*Problem description*. Each line of the material must be reproduced exactly; pictures stay out.

[Opening Given material section]

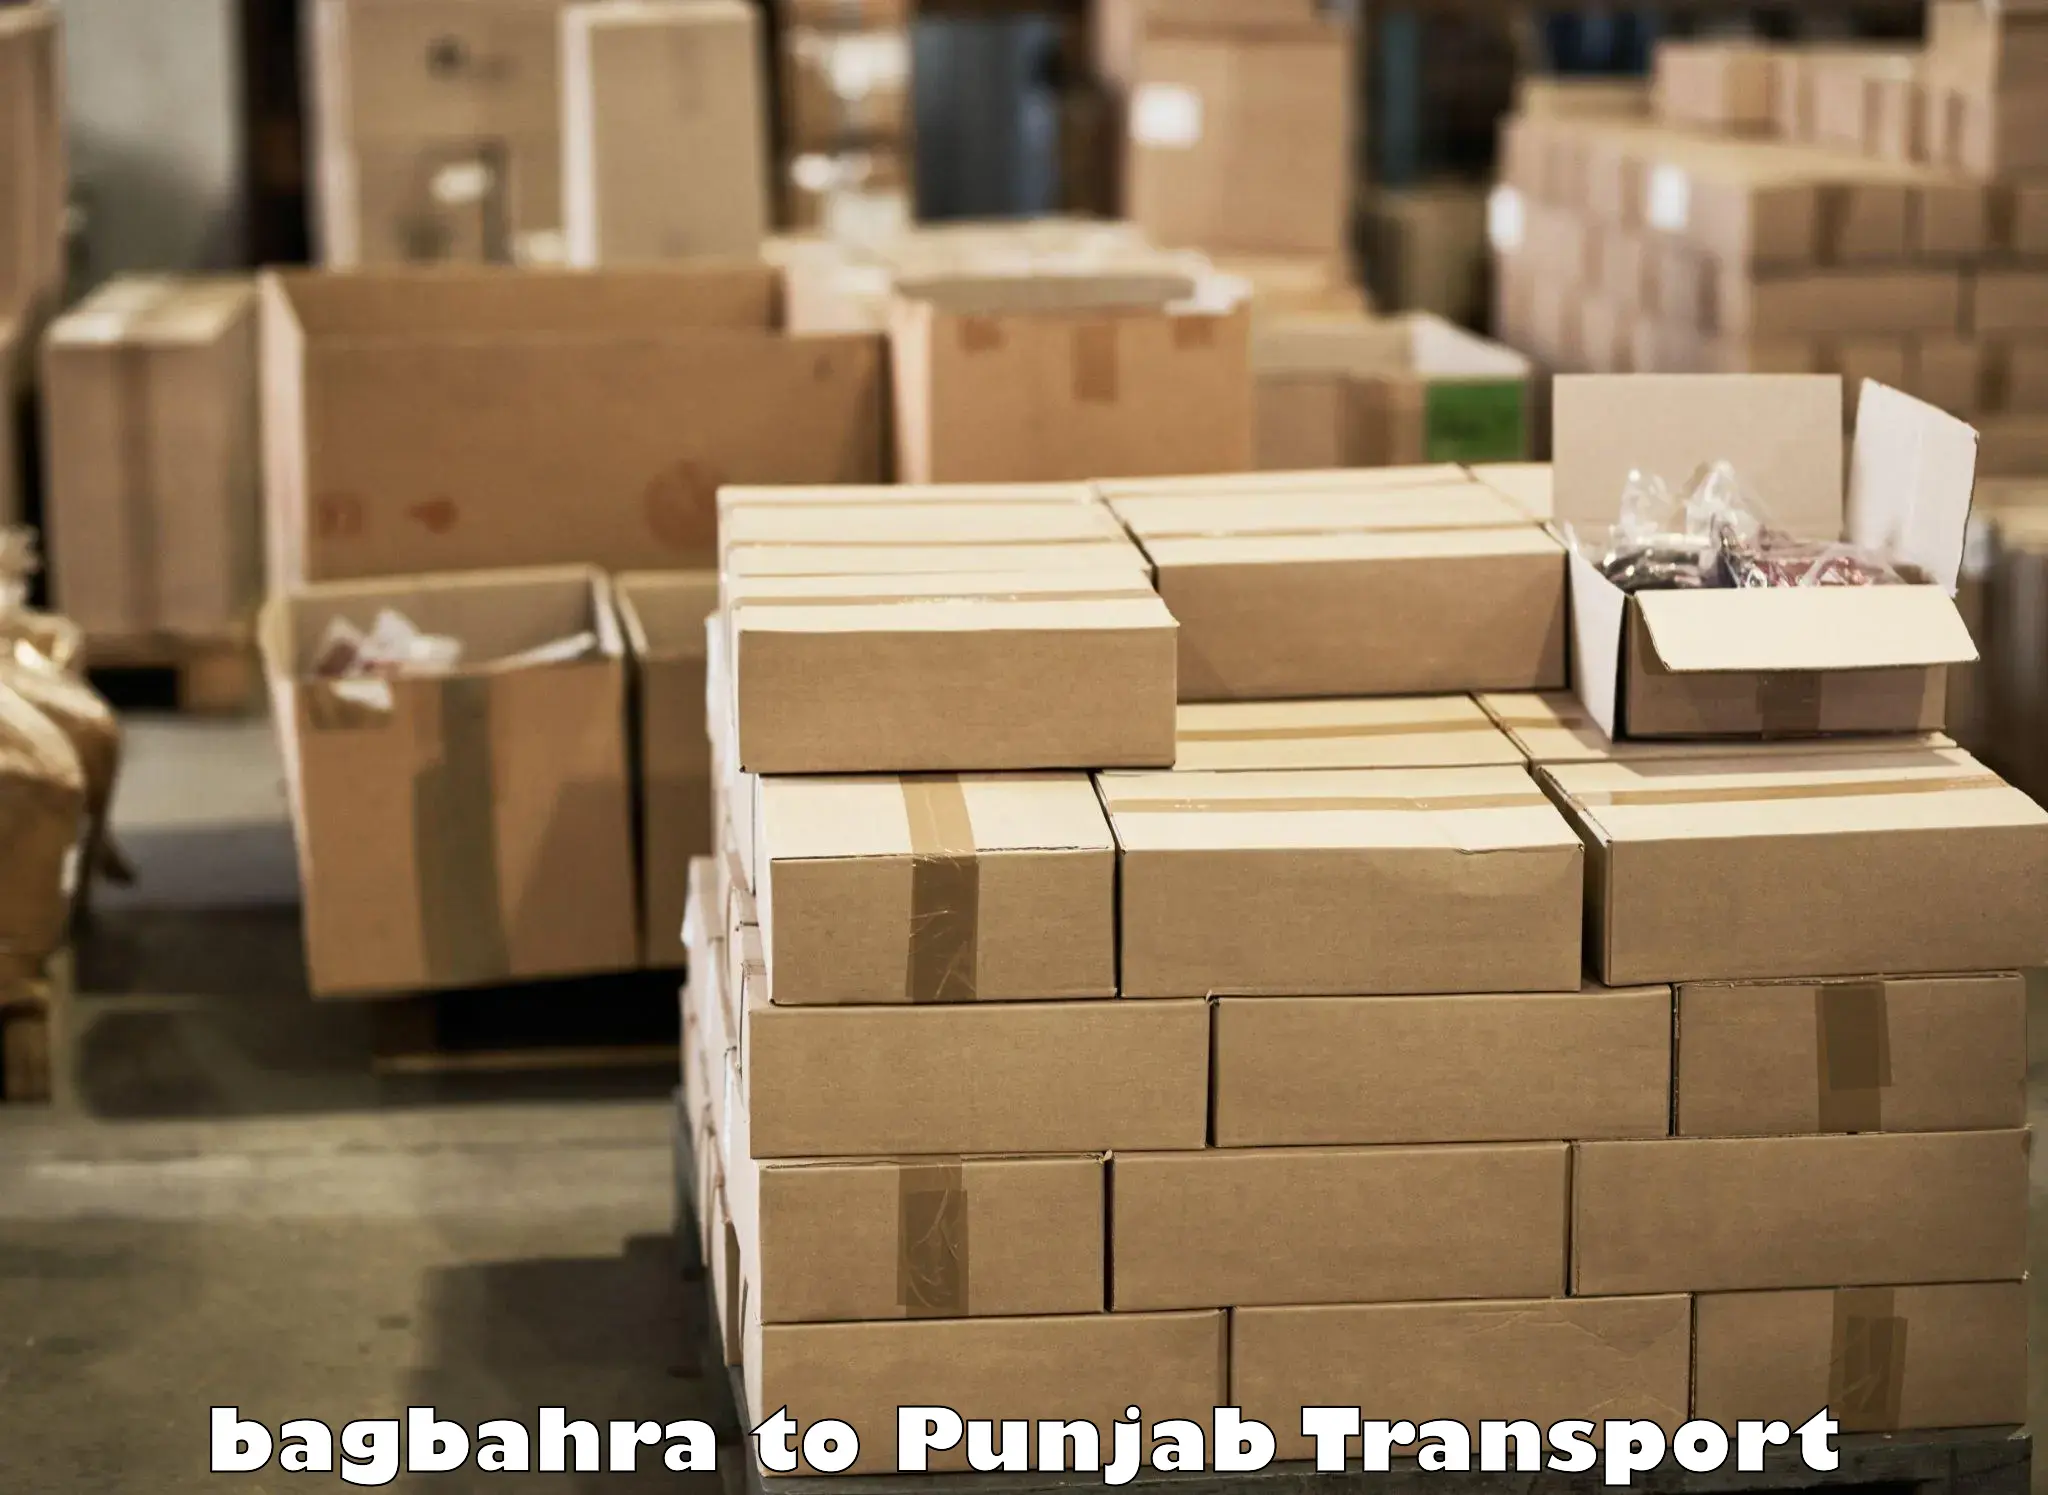 Daily parcel service transport bagbahra to Patiala
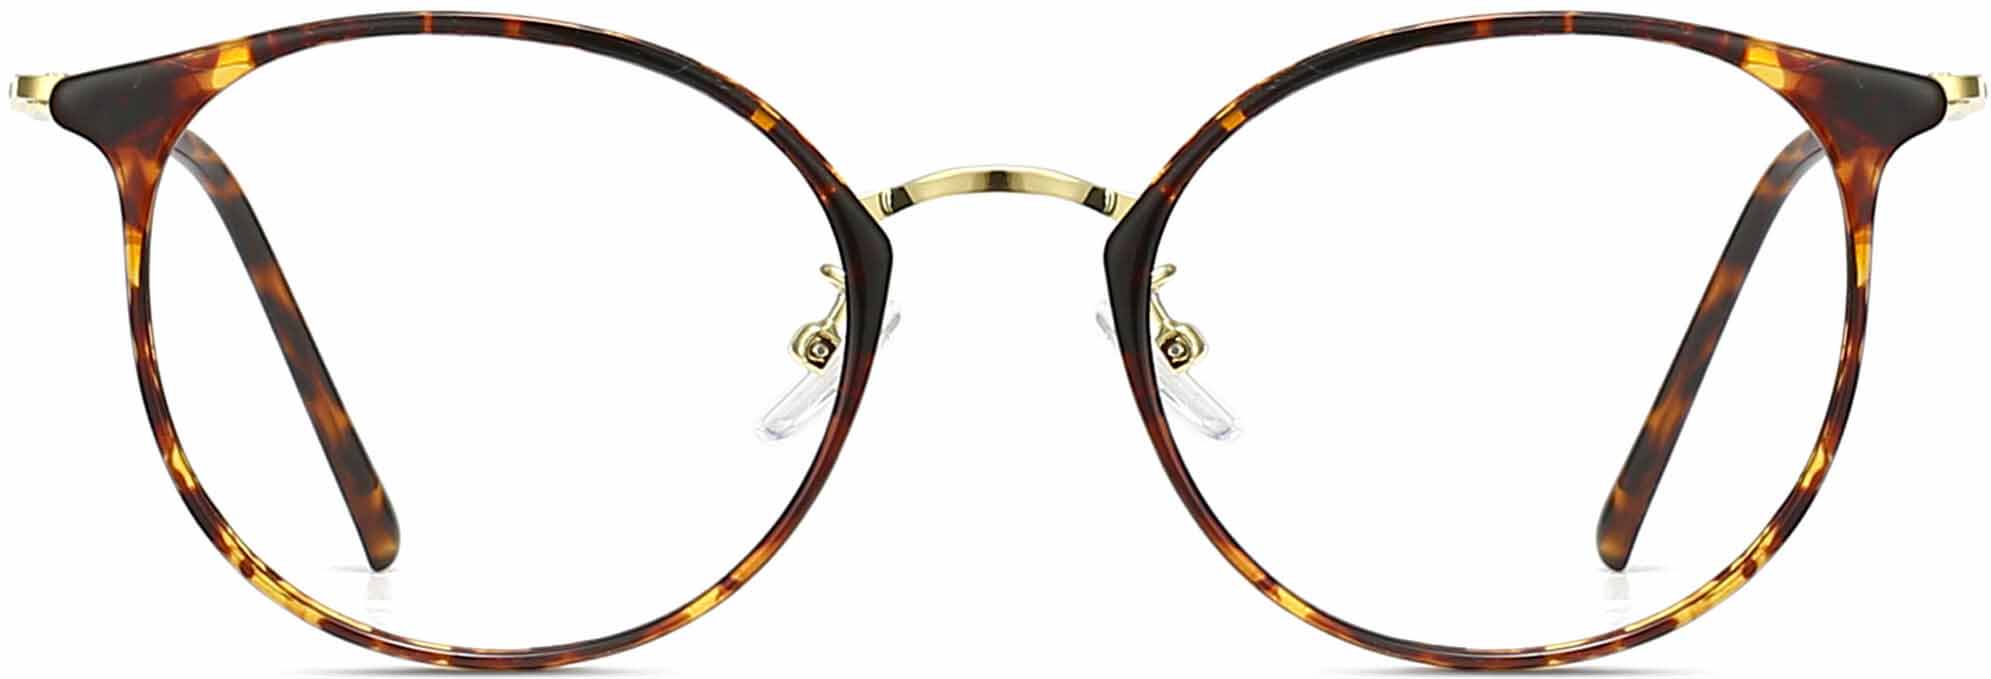 Harlow Round Tortoise Eyeglasses from ANRRI, front view
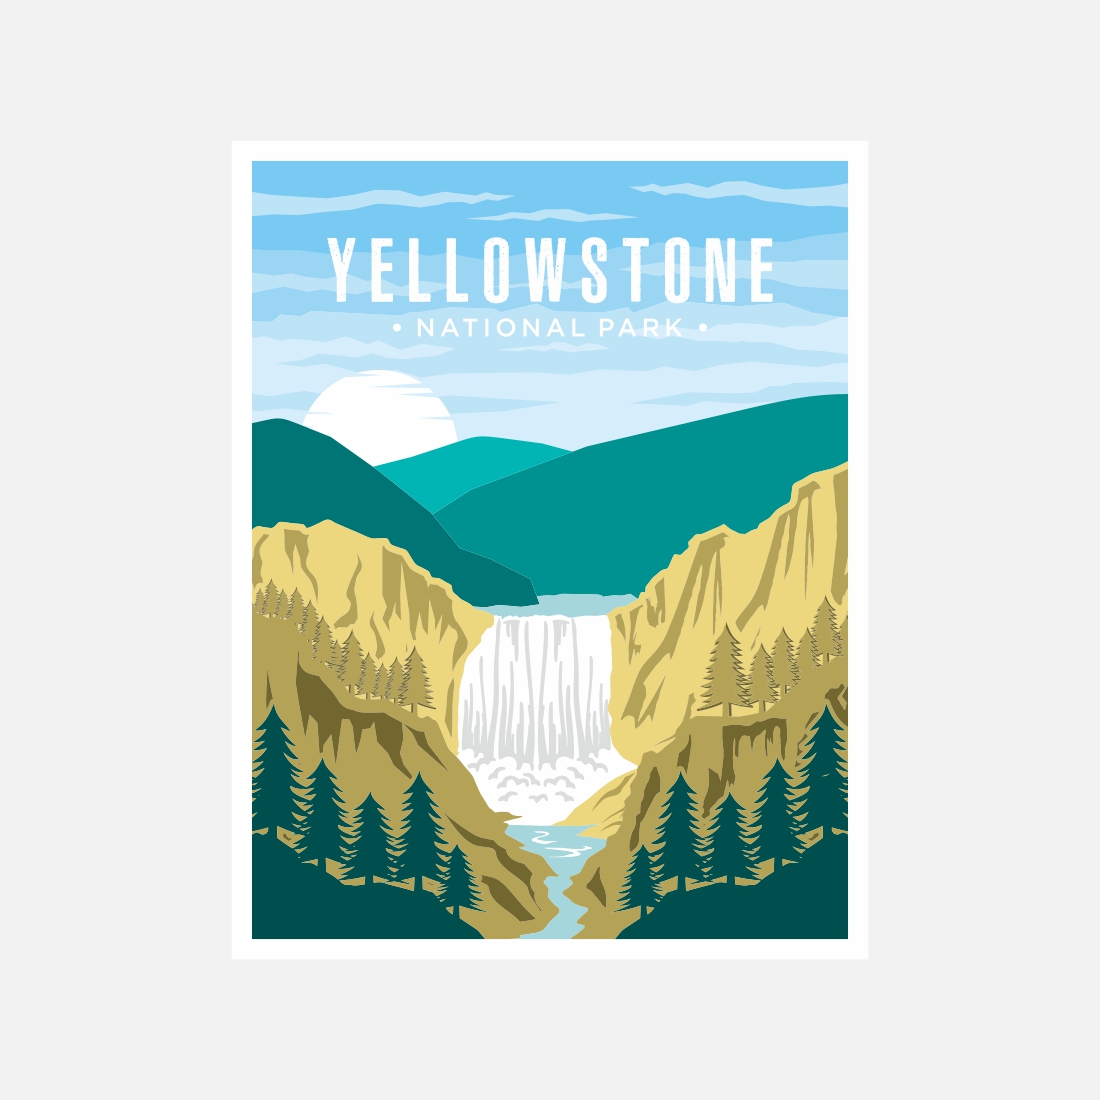 Yellowstone Falls National Park poster vector illustration design – Only $8 cover image.
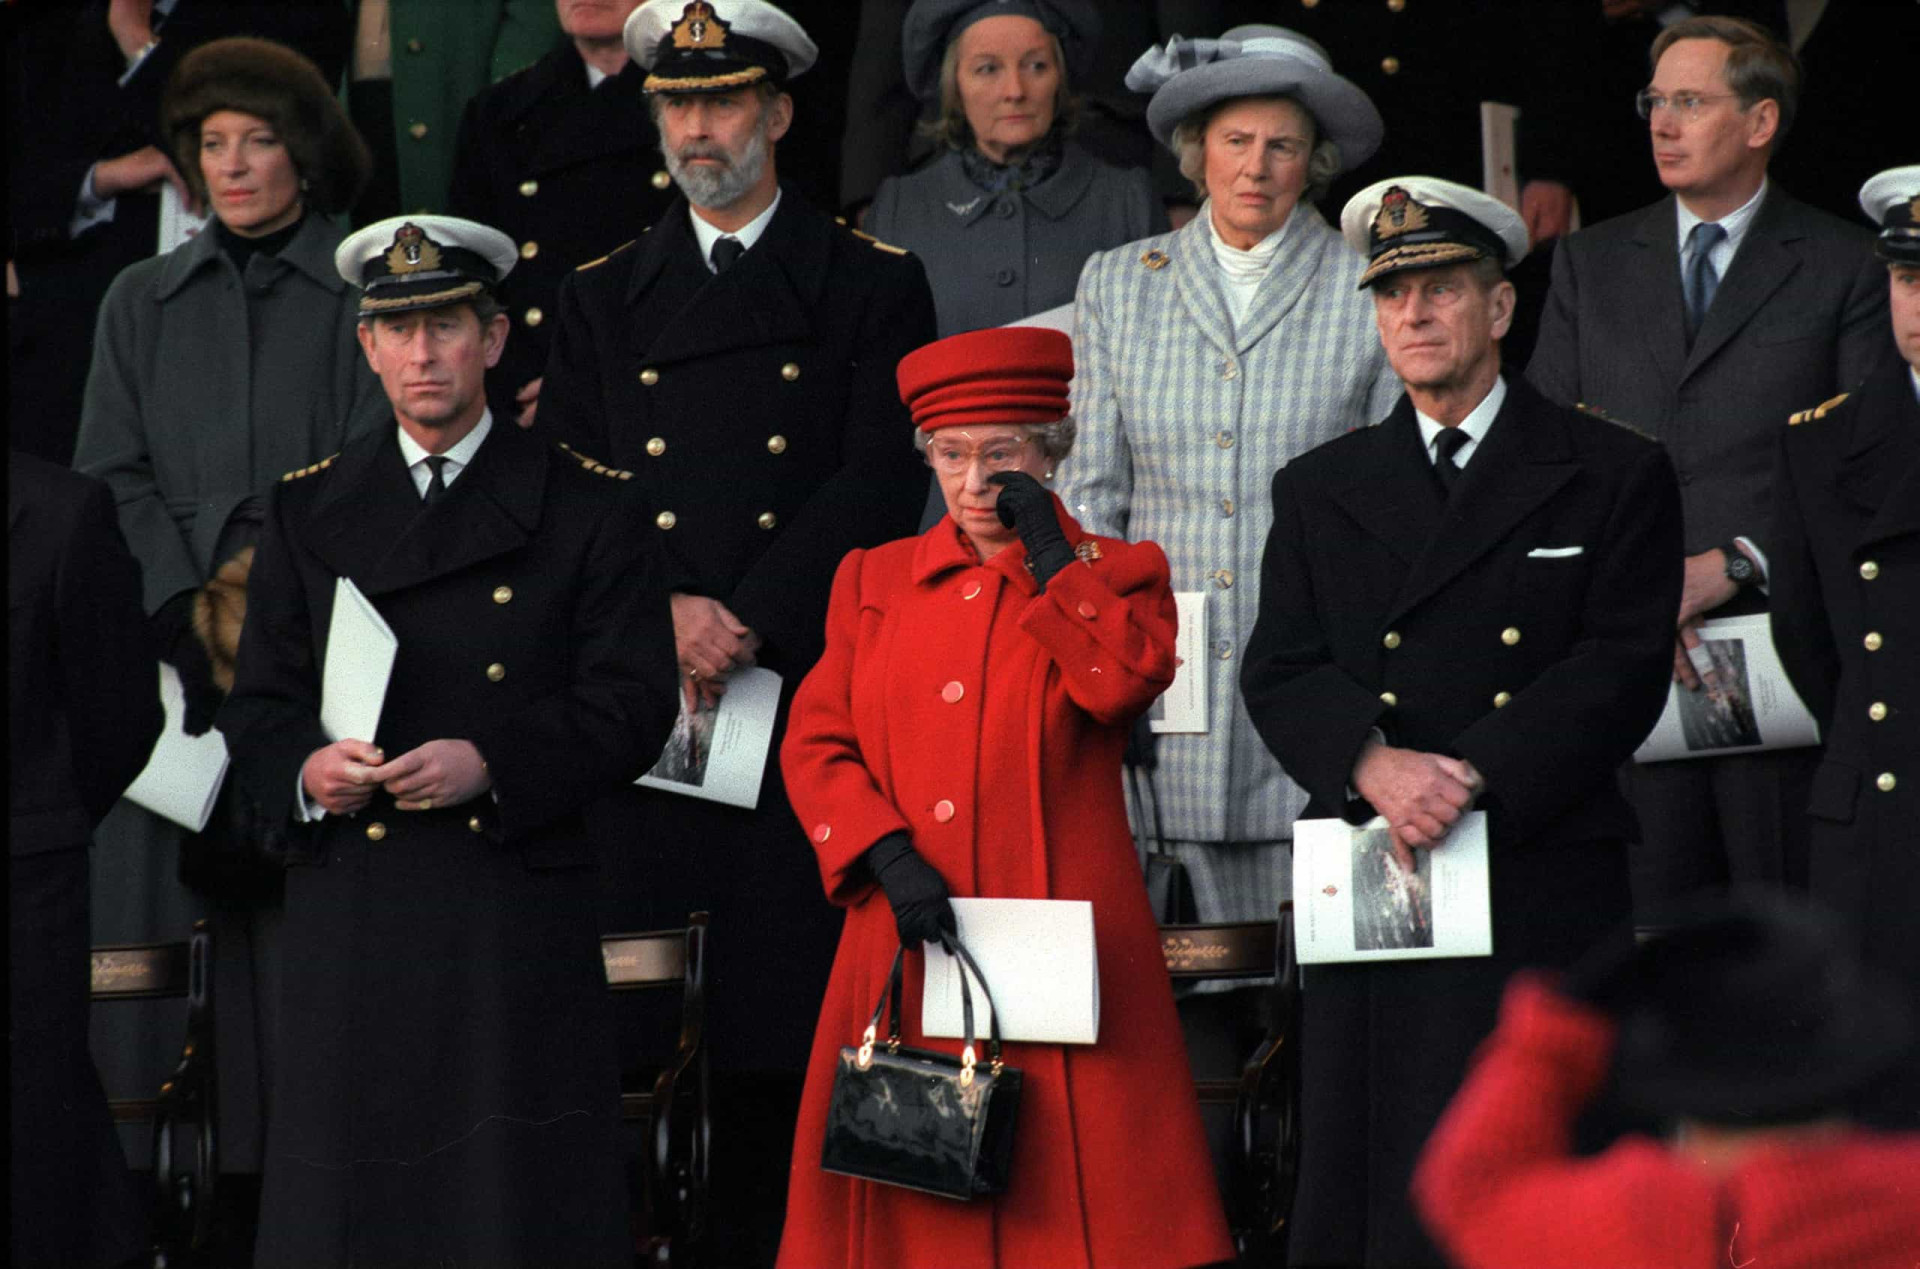 <p>On December 11, 1997, after 44 years in royal service, Britannia was retired from the seas. The late Queen, normally undemonstrative, was seen wiping away a tear during the decommissioning service, which was also attended by Prince Philip and Prince Charles.</p><p><a href="https://www.msn.com/en-us/community/channel/vid-7xx8mnucu55yw63we9va2gwr7uihbxwc68fxqp25x6tg4ftibpra?cvid=94631541bc0f4f89bfd59158d696ad7e">Follow us and access great exclusive content every day</a></p>

[Closing Given material section]

*Completed exercise*.
 Daily parcel service transport bagbahra to Patiala
 Harlow Round Tortoise Eyeglasses from ANRRI, front view
 Yellowstone Falls National Park poster vector illustration design – Only $8 cover image.
 <p>On December 11, 1997, after 44 years in royal service, Britannia was retired from the seas. The late Queen, normally undemonstrative, was seen wiping away a tear during the decommissioning service, which was also attended by Prince Philip and Prince Charles.</p><p><a href="https://www.msn.com/en-us/community/channel/vid-7xx8mnucu55yw63we9va2gwr7uihbxwc68fxqp25x6tg4ftibpra?cvid=94631541bc0f4f89bfd59158d696ad7e">Follow us and access great exclusive content every day</a></p>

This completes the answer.